Here we present a walk-through of using the SPARSE-MOD SEIR Model. SEIR stands for the *numbers* (not fractions) of Susceptible-Exposed-Infectious-Removed hosts, which define the state variables of the model. The differential equations of this model are:
\begin{align}
    \frac{dS}{dt} &= \overbrace{\mu N}^{\text{Reproduction}} - \overbrace{\hat{\beta} S I}^{\text{Transmission}} - \overbrace{\mu S}^{\text{Natural Mortality}} \\
    \frac{dE}{dt} &= \hat{\beta} S I - \overbrace{(\delta + \mu) E}^{\text{Latency and Mortality}} \\
    \frac{dI}{dt} &= \delta E - \overbrace{(\gamma + \mu) I}^{\text{Recovery and Mortality}} \\
    \frac{dR}{dt} &= \gamma I - \mu R
\end{align}

In this classical model, Susceptible individuals become exposed to the pathogen, moving to the Exposed class. There is a period of latency or incubation ($1/\delta$) before the hosts become Infectious. Infectious hosts can then recover from the pathogen at an average rate of $1/\gamma$, in which case we assume the Recovered individuals are immune to the pathogen for life. The model includes host demography, in which we assume that birth rate is equal to death rate which is equal to $\mu$. This ensures that the local population size remains constant through time (not accounting for temporary migration events in the SPARSEMODr framework).^[See [our vignette on key features of SPARSEMODr, including migration dynamics](key-features.html) for more general details of the SPARSEMODr package.]
The model also assumes that all host classes contribute to reproduction and that offspring are fully susceptible. Finally, the model assumes that mortality is natural and not pathogen-induced. In other words, the pathogen is not meaningfully virulent in terms of host life-expectancy. This model has been typically used for childhood diseases that confer life-long immunity. Note that we also use the notation $\hat{\beta}$ to emphasize that the transmission rate can be modeled as frequency- or density-dependent.^[See [our vignette on key features of SPARSEMODr, including migration dynamics](key-features.html) for more general details of the SPARSEMODr package.]

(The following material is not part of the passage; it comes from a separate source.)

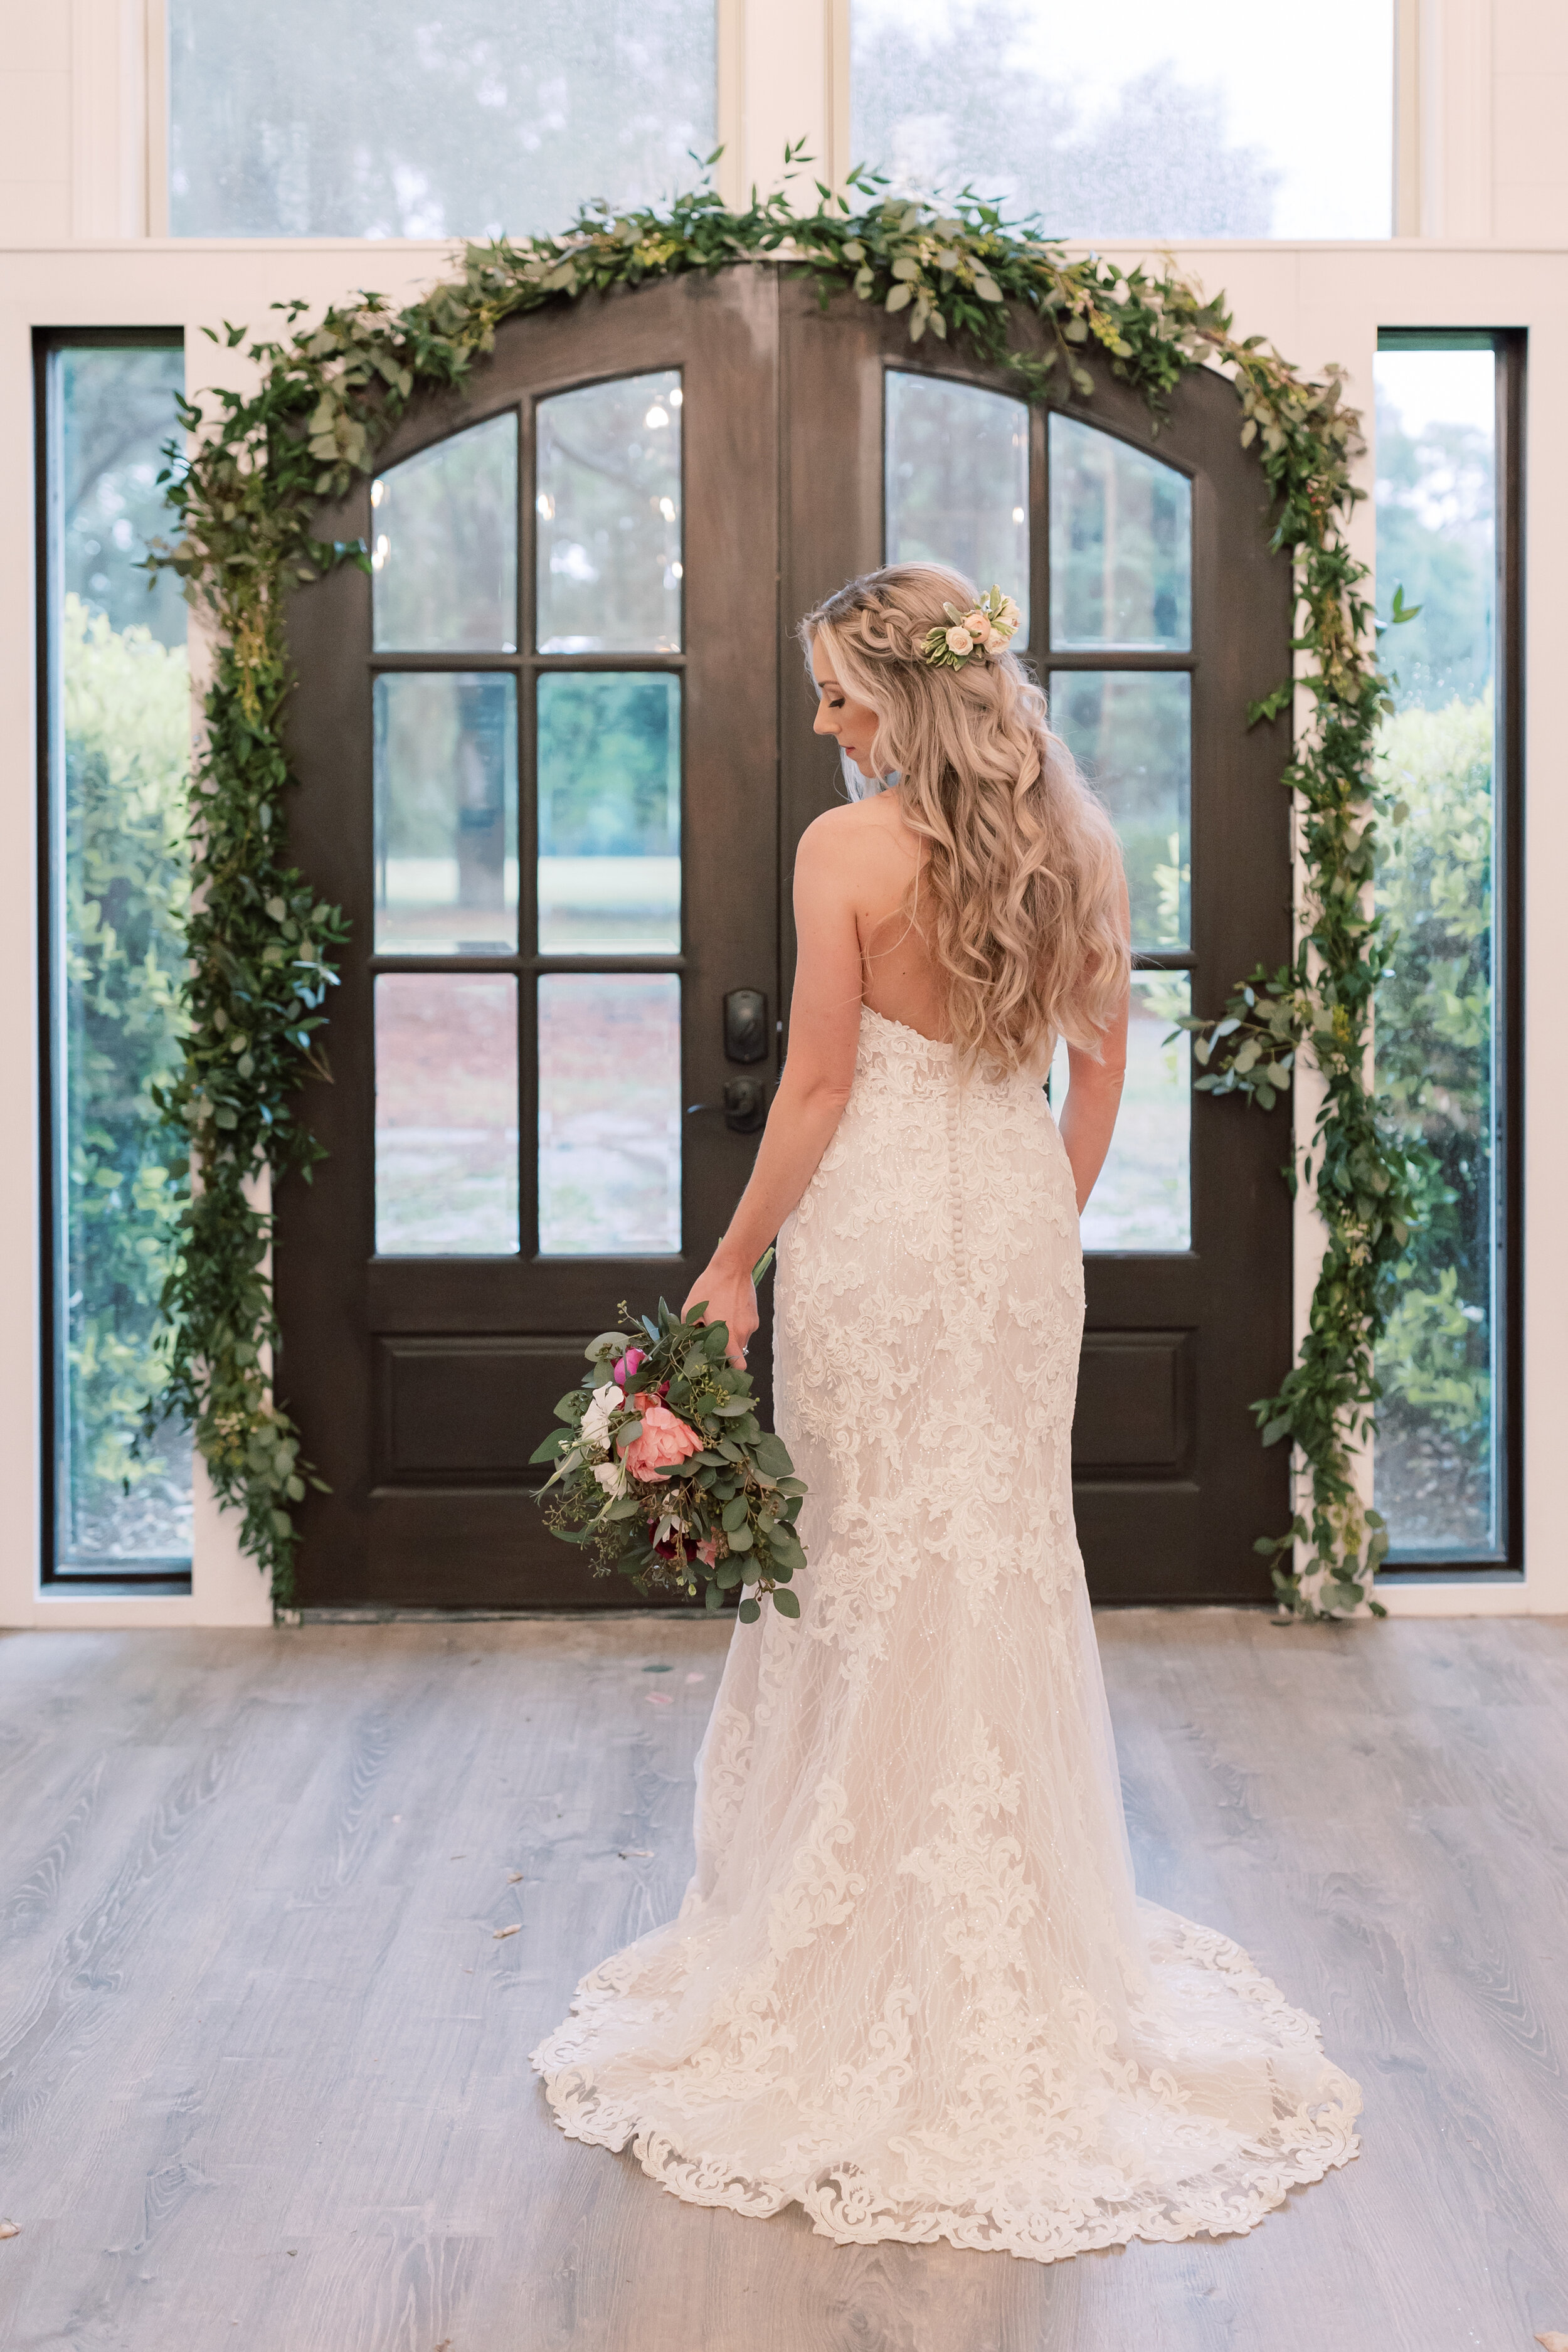 ivory-and-beau-blog-down-for-the-gown-shelby-real-bride-maggie-sottero-bride-wedding-dress-bridal-shop-bridal-boutique-savannah-georgia-KDP_Graham_Bridesmaids-200.jpg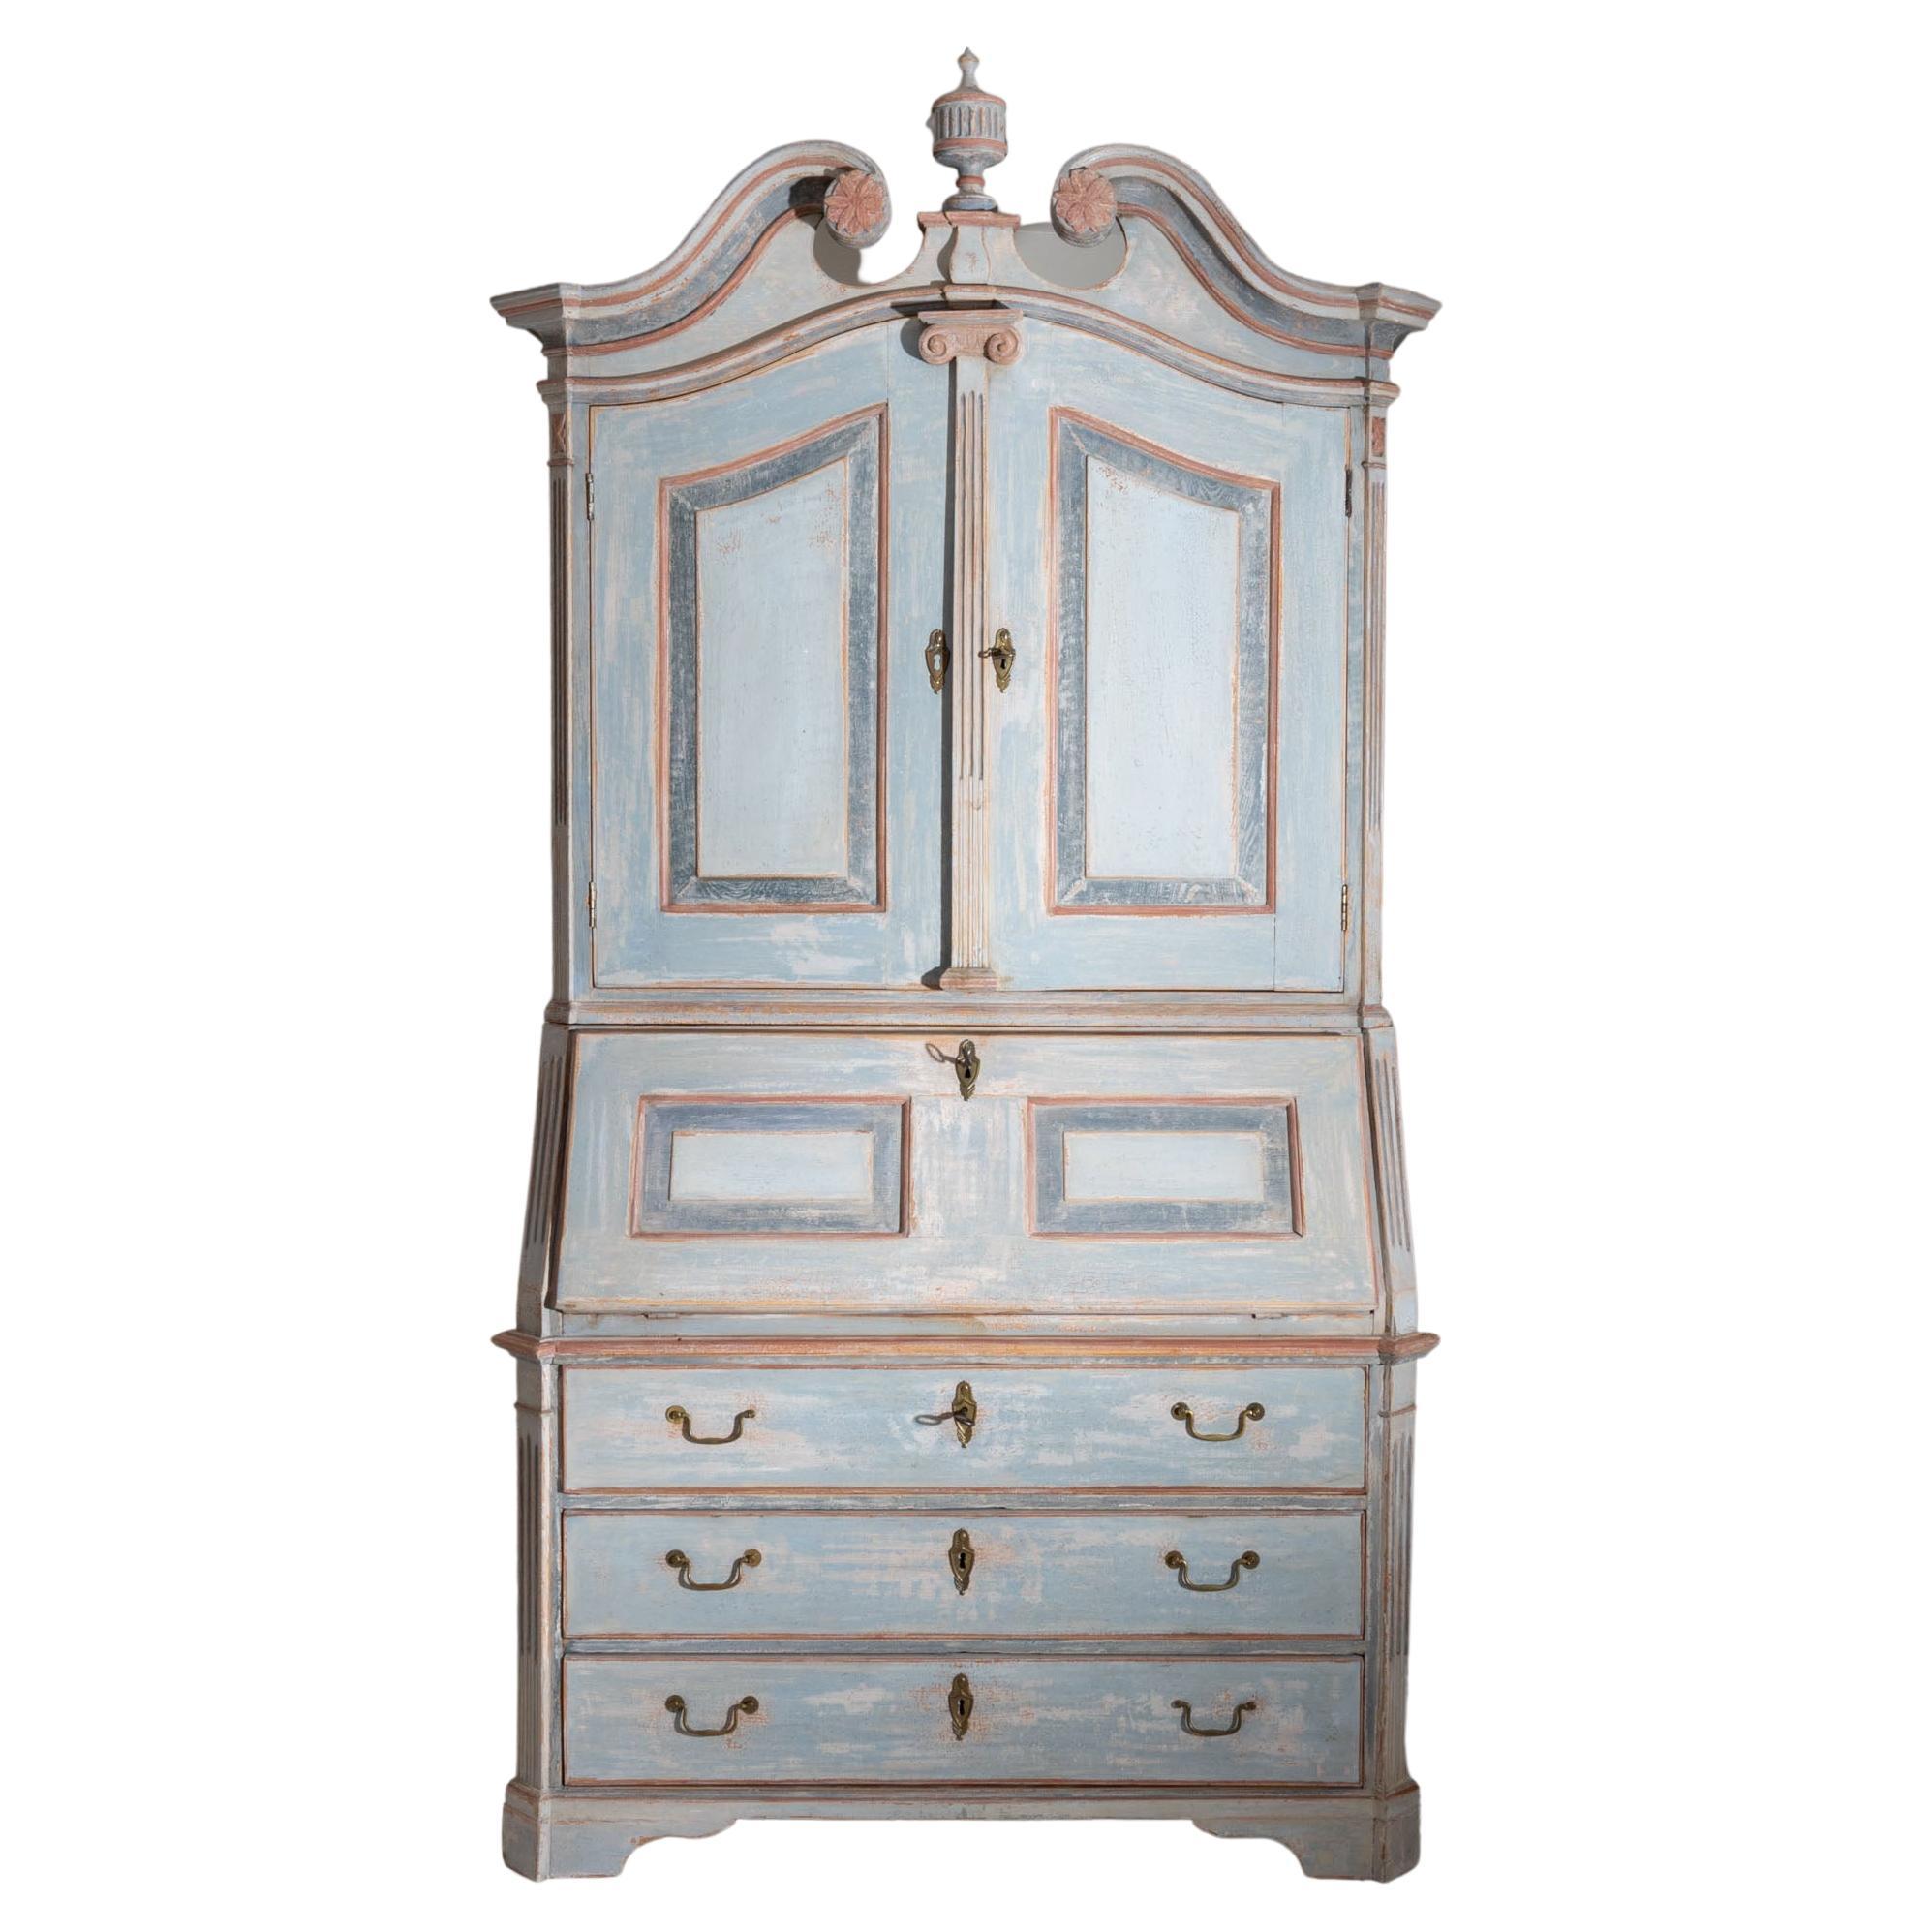 Softwood Hand Painted Gustavian-Style Secretaire in Blue and Red, 18th Century

**In this example, we will demonstrate how we can use the time-windows feature to implement seasonality in transmission rates that can generate sustained oscillations in pathogen prevalence in this SEIR model with host demography.**  

### Generating a synthetic meta-population

First, we will generate some data that describes the meta-population^[A set of distinct, focal populations that are connected by migration] of interest. Note that this is the same set-up as [the SPARSEMODr COVID-19 model vignette](covid-19-model.html).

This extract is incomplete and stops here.